Like in most Indian cities, football was introduced by the British for recreation and they had their own teams. That is how Syed Abdul Rahim himself began playing. “He was a remarkable player to watch out for. He was also in Raja Dhanrajgir’s team and they were just playing against the British. He eventually began coaching and Rahim is the one person who coached a school, college, university (Osmania) and the national team,” pointed out Rabia Jaffer.

She added that decades ago, the Hyderabad City Football Club was one place which would attract a lot of players, as they would get support in the form of jobs as well. “Lot of Hyderabadi players had elaborate jobs in customs. Rahim’s son Hakim also had a job in the Air Force similarly. There was no money in football,” stated Jaffer.

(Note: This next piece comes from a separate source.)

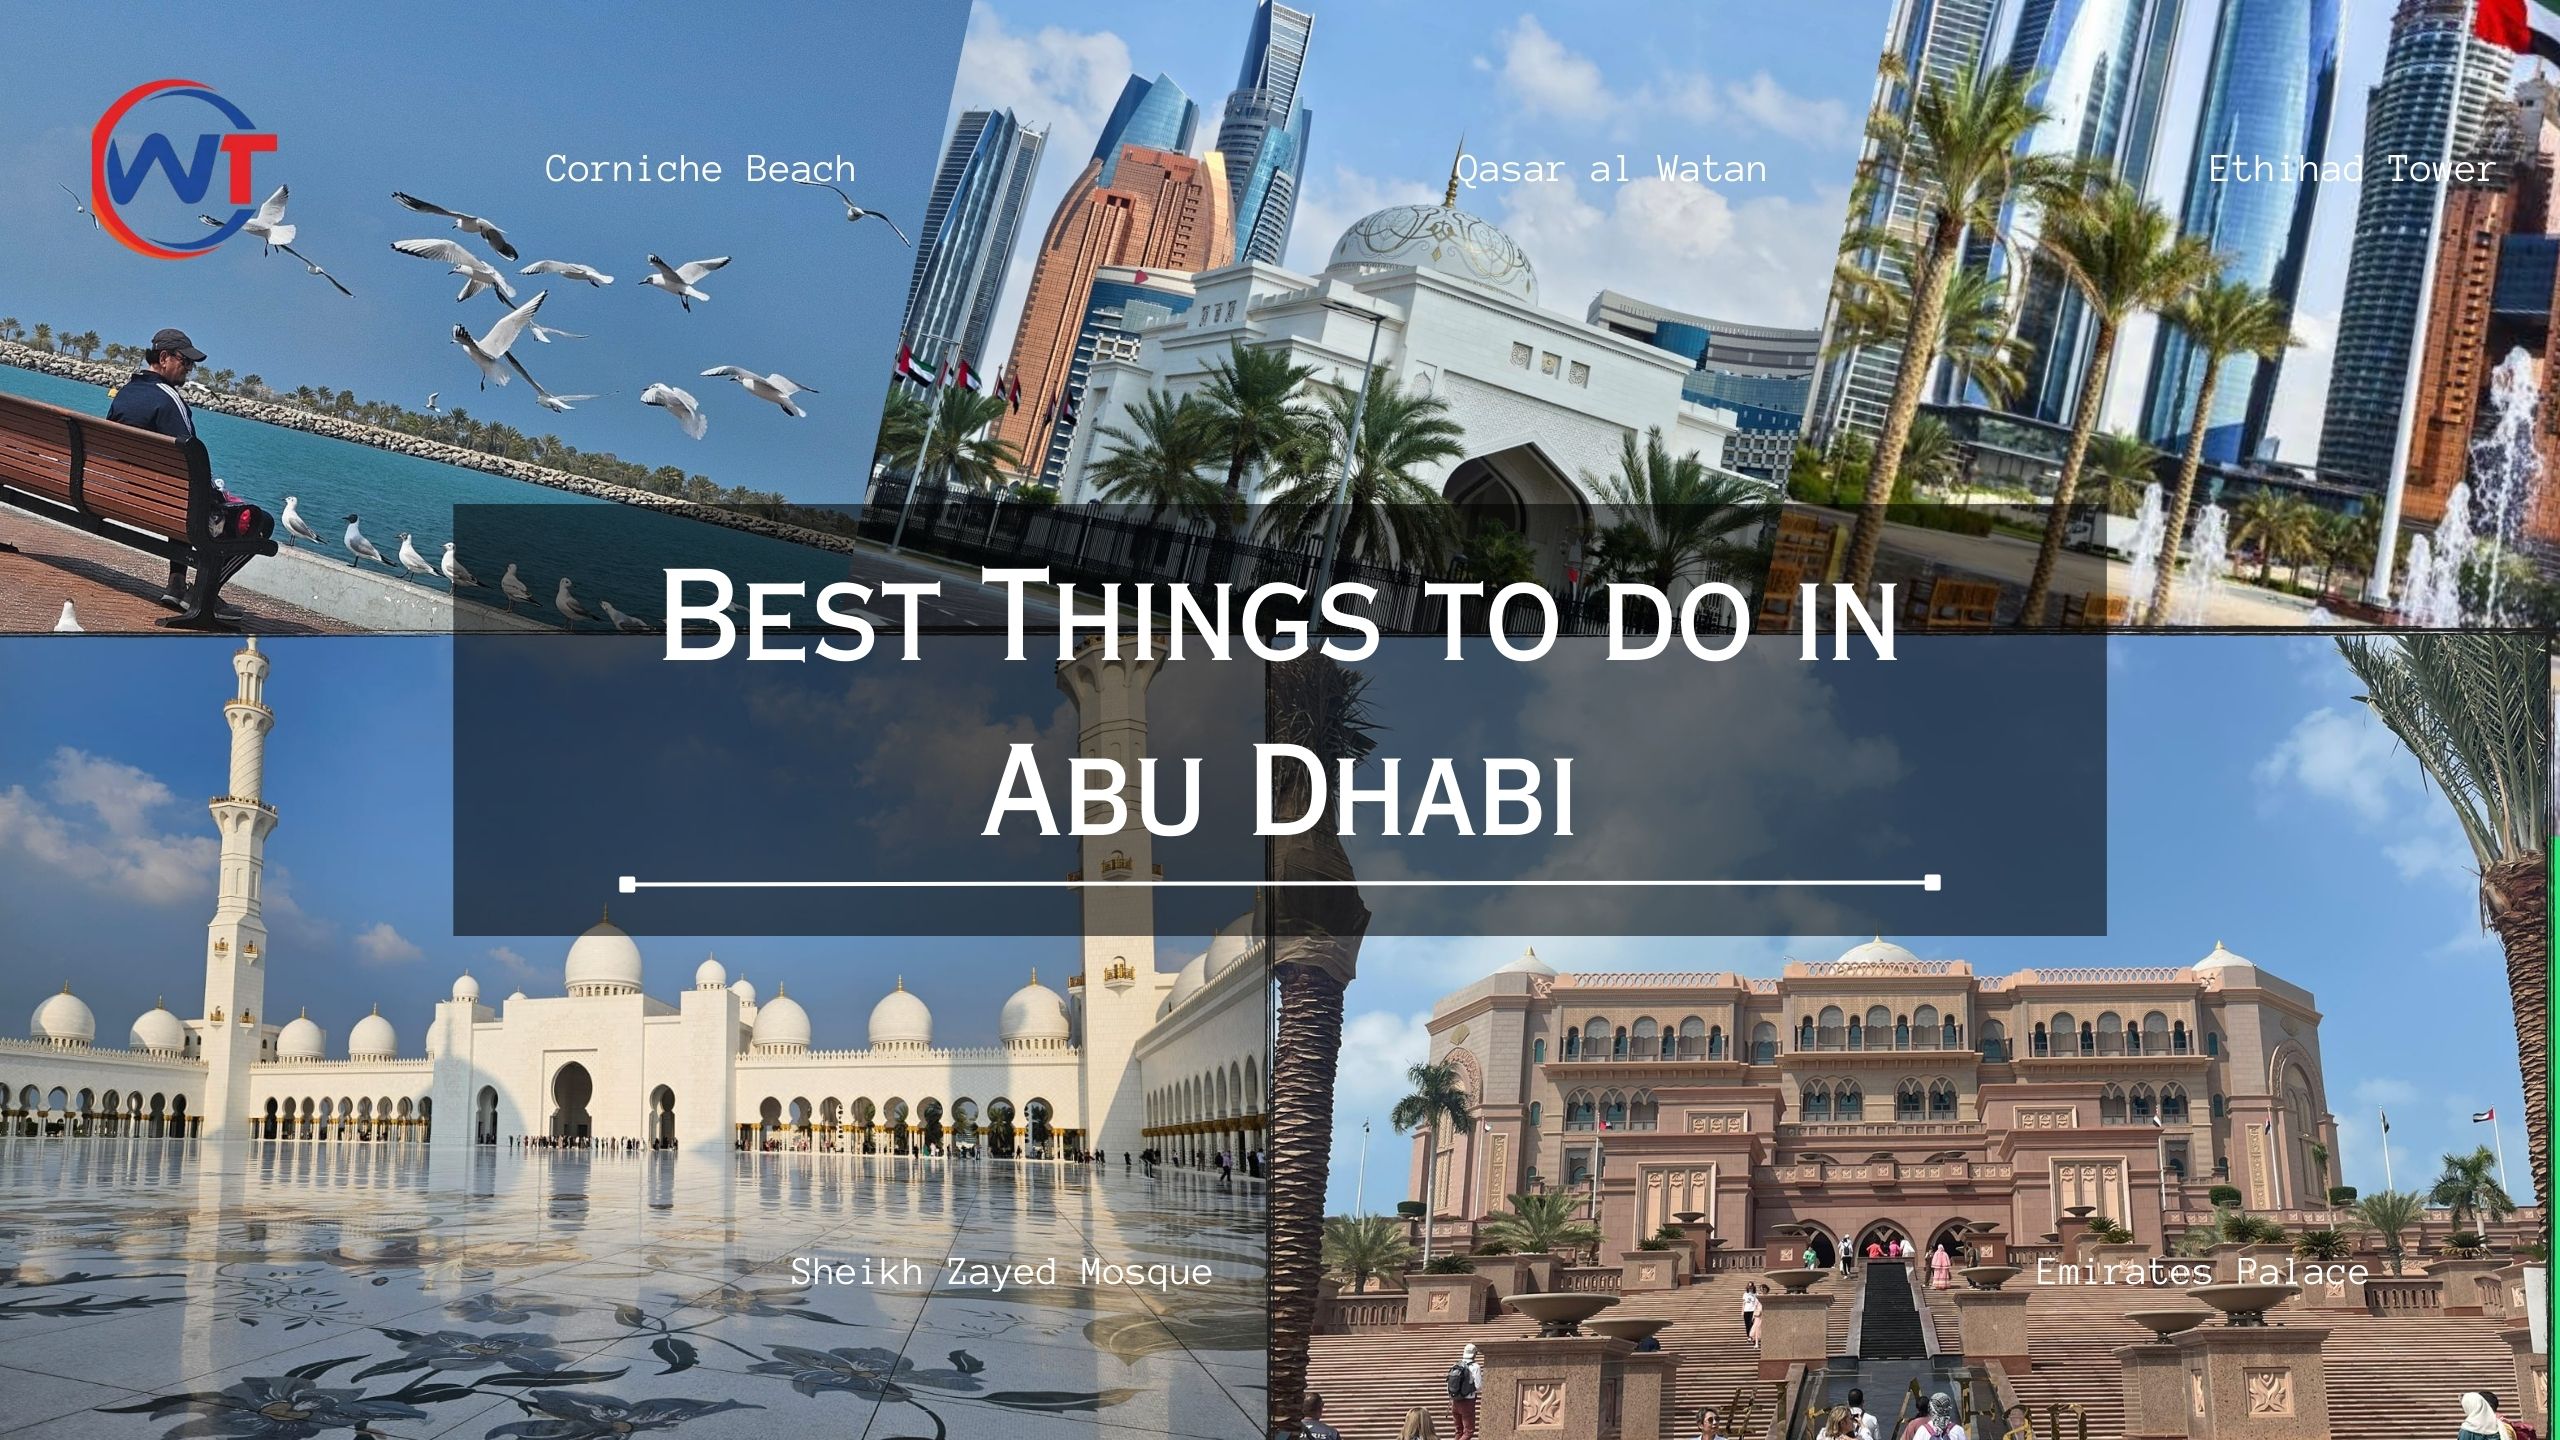 Explore the Best Things to Do in Abu Dhabi

However, regardless of the hurdles, Syed Abdul Rahim trudged down the path of building a national team. And the opening scene of the movie Maidaan perhaps captures that best – barefoot Indian footballers losing 10-1 in 1952 in Yugoslavia (which does not exist anymore). From there on it was Rahim taking it upon himself to find the best players and to build the best Indian team.

Maidaan is biopic on Hyderabad's legendary football coach Rahim; will release on June 23

”Hyderabad had so much potential back in the day. That is why my work or research started. Syed Abdul Rahim was phenomenal, nobody had anything bad to say about him. He would go scouting for new players and had touched so many lives,” said Jaffer, adding that footballers then did not really follow diets.

“In the Hyderabad City Police team, they just ate dal rice and stayed in their barracks. Patriotism was then the uniform. Performing in sports before independence became a matter of nationalism as Indians realised they could beat the British,” she told As the movie Maidaan shows, one of the bigger achievements of the Indian team under Syed Abdul Rahim was a 7-1 win over Australia in the 1956 Melbourne Summer Olympics. It was followed by the spectacular gold at the 1962 Asian Games.

However, after Rahim’s death due to cancer, and due to lack of support in general in the following years, all that he had built slowly dissipated. And that is how Hyderabad forgot its glory days of football, says Jaffer.